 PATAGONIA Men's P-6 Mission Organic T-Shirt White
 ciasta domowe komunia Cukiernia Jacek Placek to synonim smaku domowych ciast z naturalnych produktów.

---

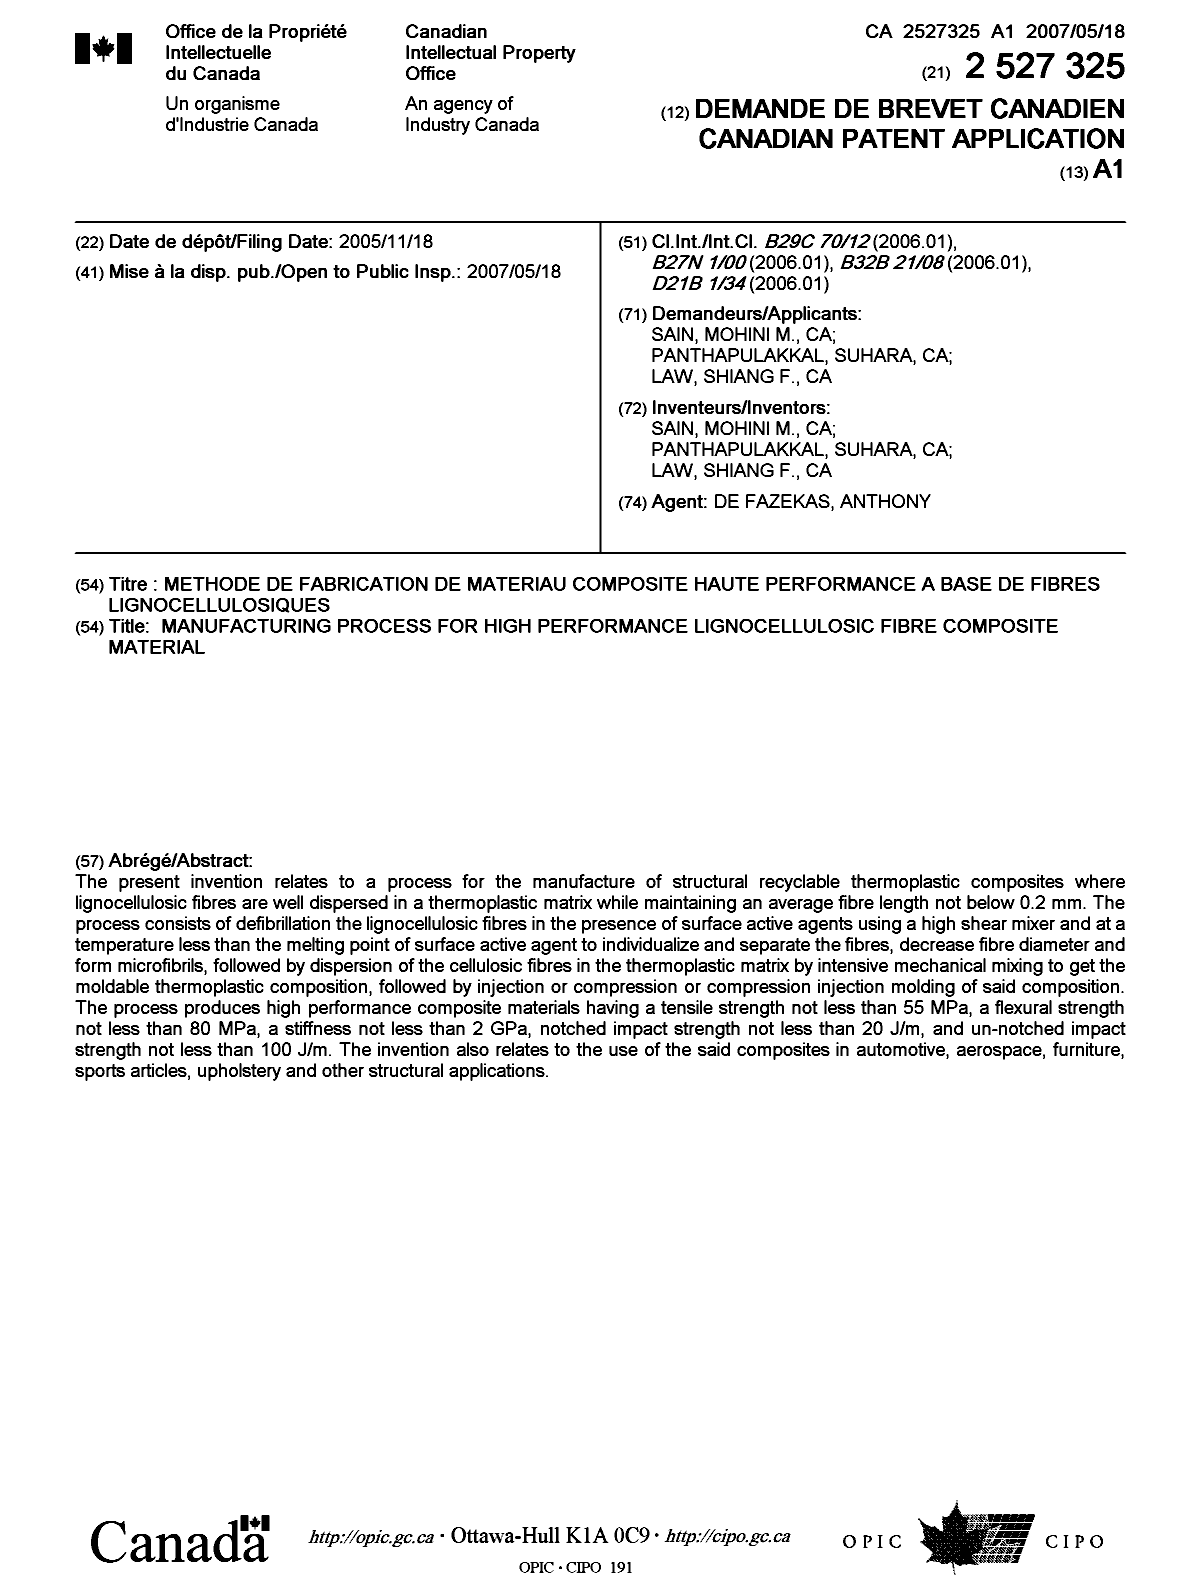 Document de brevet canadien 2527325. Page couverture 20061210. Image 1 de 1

(Task to carry out): Above are the records; repeat exactly the lines from the one holding "PATAGONIA Men's P-6" down to the one holding "ciasta domowe komunia", end lines included.

(Exercise answer):
 PATAGONIA Men's P-6 Mission Organic T-Shirt White
 ciasta domowe komunia Cukiernia Jacek Placek to synonim smaku domowych ciast z naturalnych produktów.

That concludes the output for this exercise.